* **Your goal**
Only a number is wanted here: how many lines in the entries below contain the word "weiß".
------------------------------------
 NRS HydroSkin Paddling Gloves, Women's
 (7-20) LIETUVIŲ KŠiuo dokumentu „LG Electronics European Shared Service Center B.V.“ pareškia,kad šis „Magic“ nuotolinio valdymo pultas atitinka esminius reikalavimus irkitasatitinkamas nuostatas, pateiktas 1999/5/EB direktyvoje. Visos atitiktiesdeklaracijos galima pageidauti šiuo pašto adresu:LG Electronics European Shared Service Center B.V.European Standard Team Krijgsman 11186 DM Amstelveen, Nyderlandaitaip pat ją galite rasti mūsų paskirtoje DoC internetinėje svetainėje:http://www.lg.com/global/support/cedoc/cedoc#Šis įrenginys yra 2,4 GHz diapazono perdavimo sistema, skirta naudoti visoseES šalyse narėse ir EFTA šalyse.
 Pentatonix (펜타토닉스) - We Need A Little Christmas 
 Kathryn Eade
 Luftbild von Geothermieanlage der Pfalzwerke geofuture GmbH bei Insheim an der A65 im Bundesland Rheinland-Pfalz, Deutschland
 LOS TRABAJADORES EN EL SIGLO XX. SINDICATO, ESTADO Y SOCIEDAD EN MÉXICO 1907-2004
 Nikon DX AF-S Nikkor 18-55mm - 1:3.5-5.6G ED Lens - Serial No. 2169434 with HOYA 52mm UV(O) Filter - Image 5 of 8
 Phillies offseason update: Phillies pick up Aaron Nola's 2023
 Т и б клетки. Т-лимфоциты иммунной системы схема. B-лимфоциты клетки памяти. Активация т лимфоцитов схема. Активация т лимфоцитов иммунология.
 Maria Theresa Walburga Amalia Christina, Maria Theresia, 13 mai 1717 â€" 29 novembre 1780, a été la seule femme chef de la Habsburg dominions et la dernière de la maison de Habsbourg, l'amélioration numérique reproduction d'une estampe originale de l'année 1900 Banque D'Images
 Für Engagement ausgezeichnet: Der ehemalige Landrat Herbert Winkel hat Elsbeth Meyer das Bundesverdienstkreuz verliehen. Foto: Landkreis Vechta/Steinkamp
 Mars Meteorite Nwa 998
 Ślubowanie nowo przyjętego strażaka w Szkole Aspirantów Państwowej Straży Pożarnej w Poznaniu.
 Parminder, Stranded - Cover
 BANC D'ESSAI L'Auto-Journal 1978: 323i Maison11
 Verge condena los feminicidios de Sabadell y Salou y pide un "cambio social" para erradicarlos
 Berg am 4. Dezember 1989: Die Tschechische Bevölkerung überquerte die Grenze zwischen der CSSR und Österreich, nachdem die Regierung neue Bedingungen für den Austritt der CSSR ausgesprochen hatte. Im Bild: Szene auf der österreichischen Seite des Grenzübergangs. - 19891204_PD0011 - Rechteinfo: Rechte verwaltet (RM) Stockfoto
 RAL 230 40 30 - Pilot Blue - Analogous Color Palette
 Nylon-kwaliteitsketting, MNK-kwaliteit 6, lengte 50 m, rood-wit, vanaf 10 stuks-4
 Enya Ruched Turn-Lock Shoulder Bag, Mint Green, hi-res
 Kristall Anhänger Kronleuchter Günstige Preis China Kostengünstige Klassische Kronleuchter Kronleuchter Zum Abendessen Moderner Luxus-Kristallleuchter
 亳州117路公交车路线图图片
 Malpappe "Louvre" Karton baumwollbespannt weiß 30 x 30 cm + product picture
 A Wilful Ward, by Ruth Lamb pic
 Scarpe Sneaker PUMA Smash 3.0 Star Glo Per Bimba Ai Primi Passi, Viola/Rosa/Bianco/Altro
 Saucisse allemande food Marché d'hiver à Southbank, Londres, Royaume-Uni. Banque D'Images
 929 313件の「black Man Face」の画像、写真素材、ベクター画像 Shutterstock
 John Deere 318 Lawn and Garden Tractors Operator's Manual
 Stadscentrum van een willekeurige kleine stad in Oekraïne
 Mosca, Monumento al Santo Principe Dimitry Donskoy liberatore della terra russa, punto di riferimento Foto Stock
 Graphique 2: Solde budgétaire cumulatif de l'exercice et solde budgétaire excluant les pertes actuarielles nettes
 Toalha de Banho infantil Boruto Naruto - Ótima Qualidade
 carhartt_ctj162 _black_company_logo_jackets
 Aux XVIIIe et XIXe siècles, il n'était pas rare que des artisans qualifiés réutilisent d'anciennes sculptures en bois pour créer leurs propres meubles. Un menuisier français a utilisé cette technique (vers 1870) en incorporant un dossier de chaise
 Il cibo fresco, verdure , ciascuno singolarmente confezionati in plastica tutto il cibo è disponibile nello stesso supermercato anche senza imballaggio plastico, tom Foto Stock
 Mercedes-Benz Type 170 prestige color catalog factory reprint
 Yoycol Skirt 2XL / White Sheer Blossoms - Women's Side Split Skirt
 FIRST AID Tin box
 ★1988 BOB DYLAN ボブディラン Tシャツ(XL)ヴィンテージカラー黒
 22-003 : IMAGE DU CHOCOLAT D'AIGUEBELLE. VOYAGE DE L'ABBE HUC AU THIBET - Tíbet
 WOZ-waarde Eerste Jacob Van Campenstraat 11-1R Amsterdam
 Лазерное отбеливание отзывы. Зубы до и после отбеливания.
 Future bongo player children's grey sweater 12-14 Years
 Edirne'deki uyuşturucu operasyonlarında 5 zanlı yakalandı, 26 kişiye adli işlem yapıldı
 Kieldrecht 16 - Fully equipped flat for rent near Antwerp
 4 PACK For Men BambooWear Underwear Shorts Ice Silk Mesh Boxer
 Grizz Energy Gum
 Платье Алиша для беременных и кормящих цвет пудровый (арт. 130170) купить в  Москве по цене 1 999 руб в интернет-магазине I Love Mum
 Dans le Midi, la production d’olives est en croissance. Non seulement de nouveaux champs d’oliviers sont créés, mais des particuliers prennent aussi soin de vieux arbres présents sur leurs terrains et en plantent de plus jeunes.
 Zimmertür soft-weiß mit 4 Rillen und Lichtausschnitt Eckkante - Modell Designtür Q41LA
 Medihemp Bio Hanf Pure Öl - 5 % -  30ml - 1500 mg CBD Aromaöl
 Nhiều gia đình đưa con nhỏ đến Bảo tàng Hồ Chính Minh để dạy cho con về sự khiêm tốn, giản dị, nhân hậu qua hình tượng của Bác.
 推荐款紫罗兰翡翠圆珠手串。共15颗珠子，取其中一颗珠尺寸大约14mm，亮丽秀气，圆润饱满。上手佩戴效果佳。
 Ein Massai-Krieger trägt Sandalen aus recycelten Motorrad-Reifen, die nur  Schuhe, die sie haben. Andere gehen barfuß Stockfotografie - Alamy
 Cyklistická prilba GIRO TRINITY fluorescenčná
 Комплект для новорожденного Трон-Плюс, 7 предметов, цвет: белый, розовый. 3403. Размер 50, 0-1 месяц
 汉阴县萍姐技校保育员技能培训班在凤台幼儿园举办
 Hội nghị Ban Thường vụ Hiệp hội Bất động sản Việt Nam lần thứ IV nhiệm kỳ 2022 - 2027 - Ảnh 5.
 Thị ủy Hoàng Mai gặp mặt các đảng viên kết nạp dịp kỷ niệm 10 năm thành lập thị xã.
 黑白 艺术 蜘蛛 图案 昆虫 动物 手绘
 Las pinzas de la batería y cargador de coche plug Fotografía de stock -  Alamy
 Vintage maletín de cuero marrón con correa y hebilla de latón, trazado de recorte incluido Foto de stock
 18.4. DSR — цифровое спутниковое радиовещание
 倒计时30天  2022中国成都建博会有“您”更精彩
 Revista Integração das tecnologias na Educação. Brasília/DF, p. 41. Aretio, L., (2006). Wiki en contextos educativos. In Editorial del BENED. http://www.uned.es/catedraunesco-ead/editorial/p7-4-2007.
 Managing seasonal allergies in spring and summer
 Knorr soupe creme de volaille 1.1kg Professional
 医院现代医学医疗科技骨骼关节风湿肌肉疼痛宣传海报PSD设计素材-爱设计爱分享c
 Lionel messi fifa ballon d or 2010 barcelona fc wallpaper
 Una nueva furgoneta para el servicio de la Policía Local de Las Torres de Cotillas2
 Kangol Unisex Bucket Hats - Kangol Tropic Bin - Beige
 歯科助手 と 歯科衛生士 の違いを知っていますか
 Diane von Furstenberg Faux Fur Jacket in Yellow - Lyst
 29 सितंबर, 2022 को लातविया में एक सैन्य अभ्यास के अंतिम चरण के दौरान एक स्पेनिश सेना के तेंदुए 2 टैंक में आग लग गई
------------------------------------
* **Finished task**
2